Anita has made some unusual and interesting blends by thinking carefully about the characteristics and behavior of each of the fibers she includes in her yarn. The one that interested me the most is called Driftwood. It’s a great name as the colors have the variegated and subtle shading that you find on wood that has been pummeled by ocean waves. In particular, this one caught my attention because of the addition of Helsinge to 3 very soft fibers, but at only 4% of the total. I asked her about it because I wanted to understand how she thought about the process of making the yarn and how she decided upon its components.

Here is some of what Anita had to say about making this yarn. First, she wanted softness, and light brown with a touch of grey. She also wanted to include angora in the mix (she has her own angora bunnies). She only included angora for 7% of the mix, but that small amount really makes a difference.

The yarn should be good for a soft sweater but still have some character. So, beginning with the wools, the largest component (67%) is Värmland lambswool. This is a small, double-coated woodland sheep found in various colors and with fibers that can range from fine to coarse. In this case, Anita was specifically selecting fleece not only for their color but for their softness.
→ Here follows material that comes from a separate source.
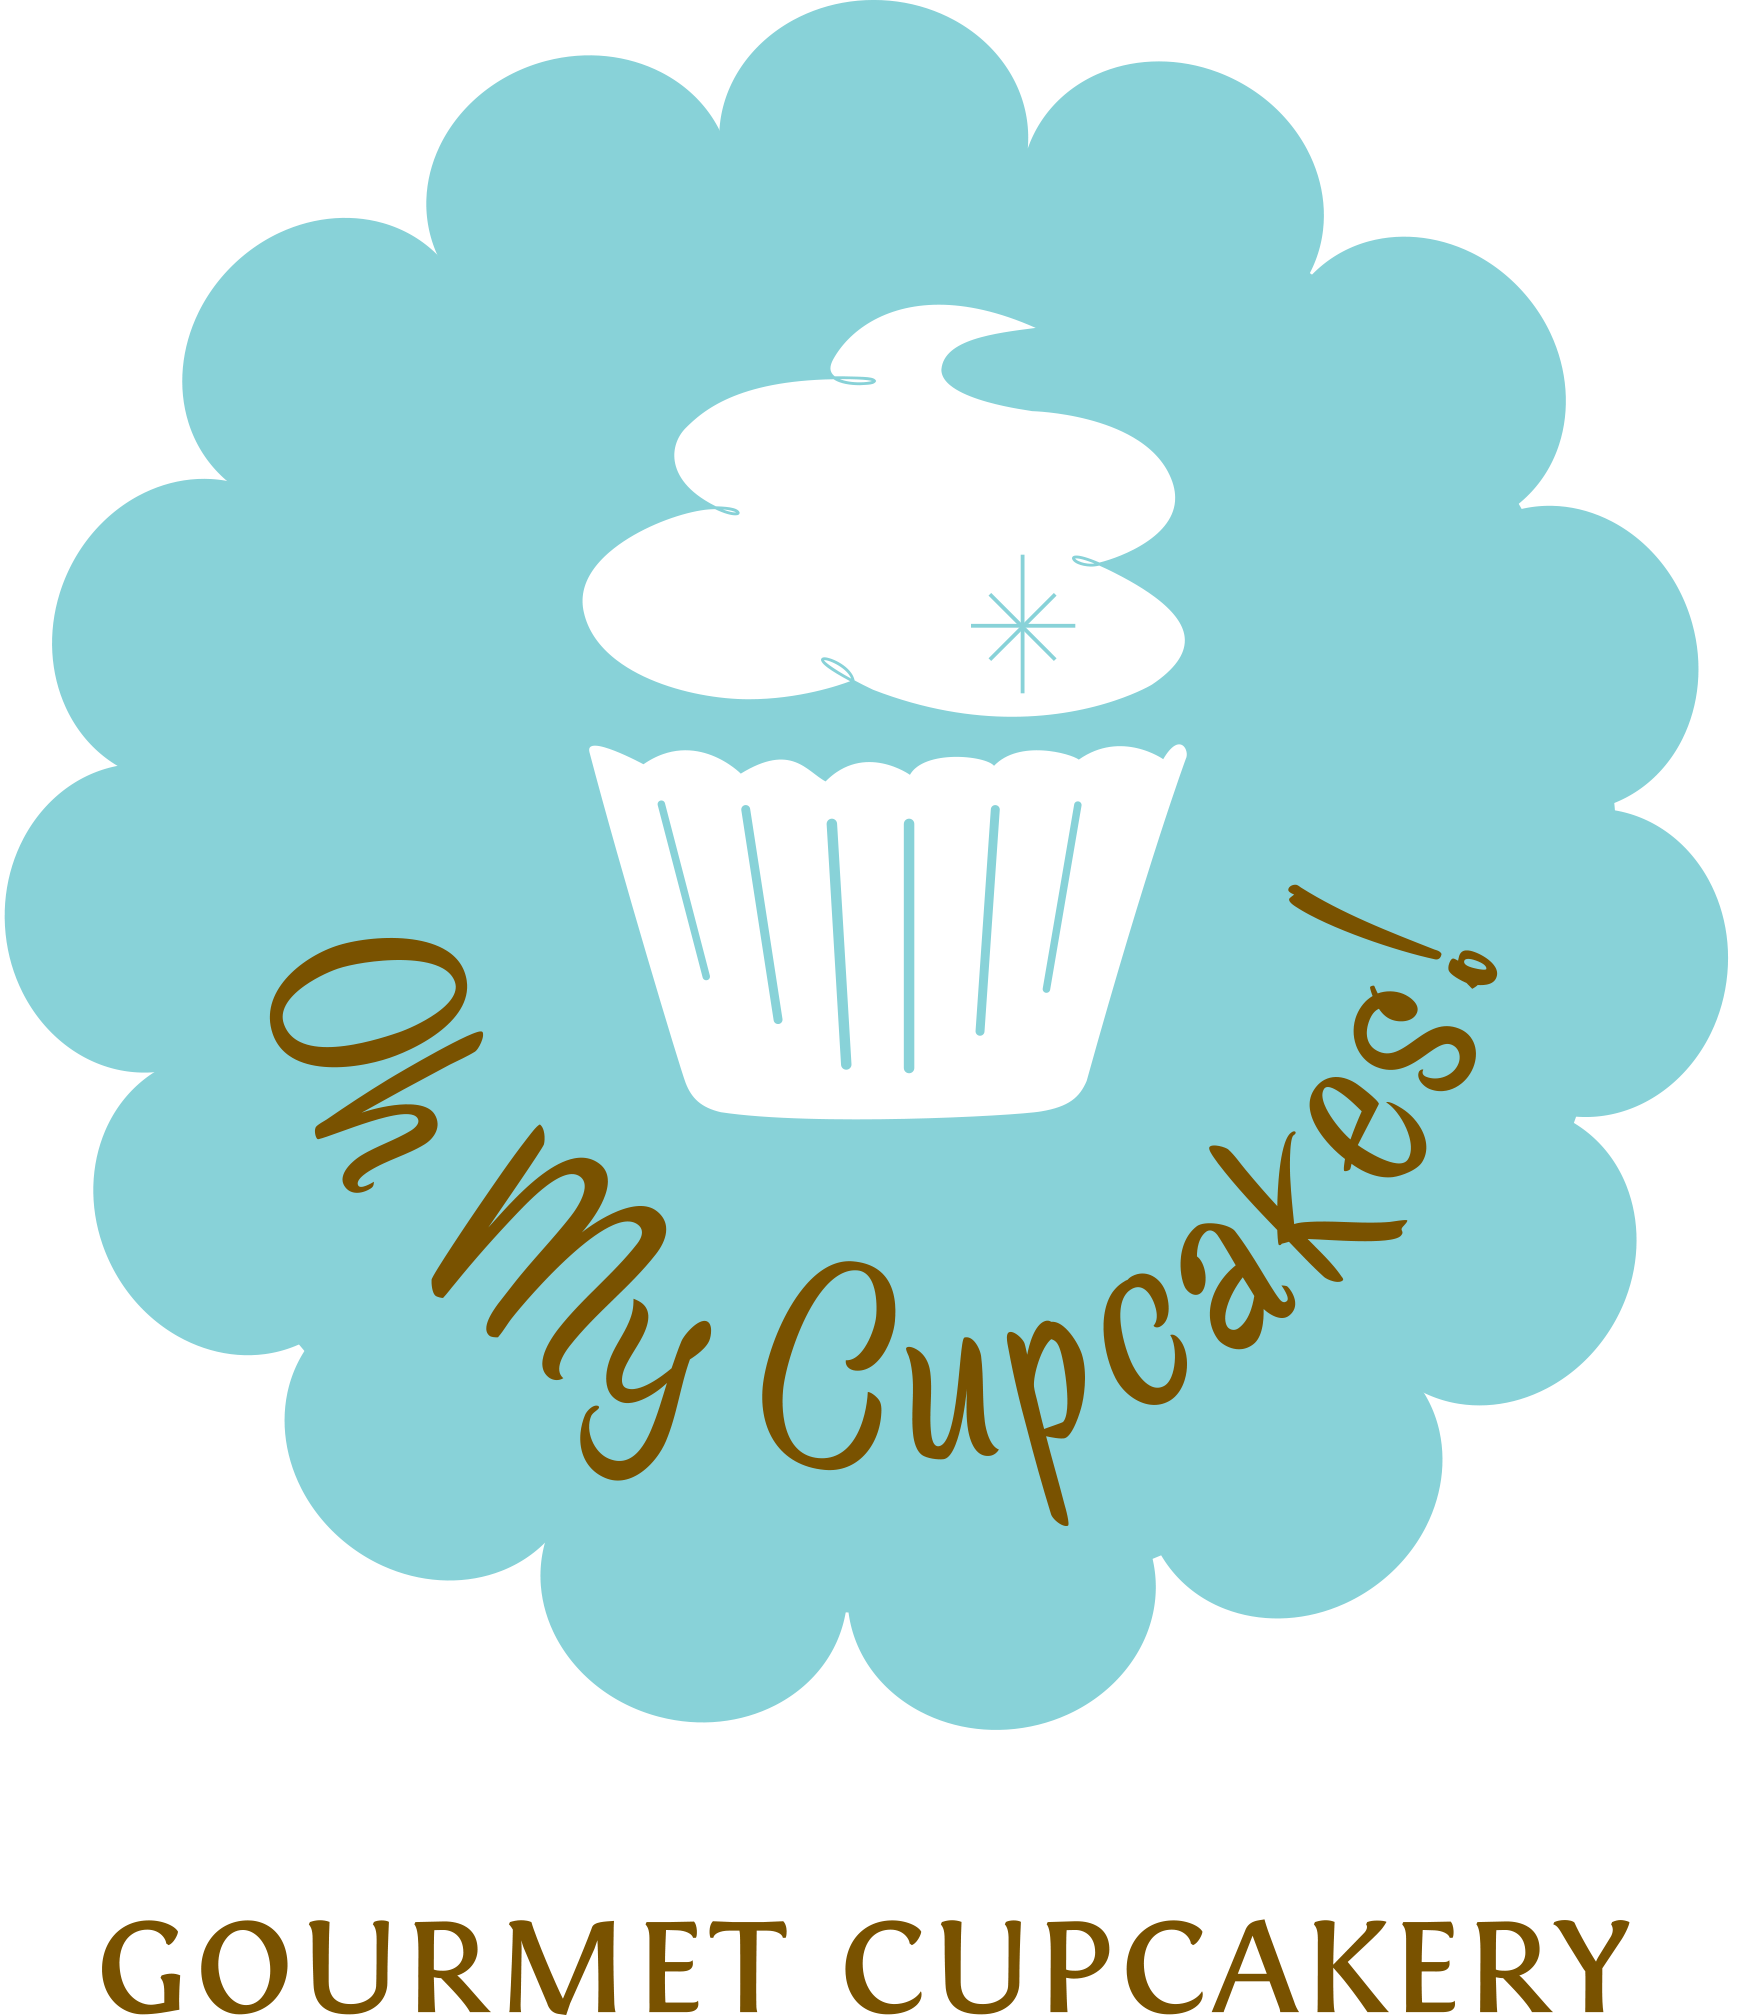 Oh My Cupcakes

Another 22% of the fiber came from Finull (Swedish finewool). The actual fibers of Finull are thin and fine, and range from crimpy to wavy. There can be a range of color, but here the white wool was chosen to “tone down” the color as well as for its softness. Finull is a good “modifier” for other breeds because its lush character can really change the feel of a yarn and overcome the rustic “scratch” of some of the other breeds.

And here is the 4%. On its own, I find Helsinge to be way too rough as a knitting wool. In this case, Anita is friends with a woman who has 5 ewes, and has taken care of the wool from these sheep for several years and says about them: “I have gotten to know the wool of each of [the sheep] well. I know how it shifts from fall shearing to spring shearing, and I know the slight variations between two mother and daughter ewes. In this small flock, there is the full range of what Helsinge wool can be; it can be coarse, hard wearing, soft, straight, curly, black, grey, brown, white, full of underwool, or not.” Anita chose the fleece from the sheep Saga to the mix because it gave character to the yarn.

And that’s it. Character. In the yarn you can see the black and white fibers that are coarser than the others, and they tend to “escape” from the core to add a little halo. The difference between this and the yarns that have significantly more of any of the rustic breeds is not just character, but a complete shift in what that yarn is designed to do. This is why I think this yarn has its own special magic — a pinch of this for softness, a dash of that for strength, stir in some color. And this is precisely why I’m so obsessed with these sheep. Just a small amount — 4% — turns a soft, pretty, very nice yarn, into a soft, pretty, very nice yarn with character. It is unique. It is special. It is quintessential Anita Yarn.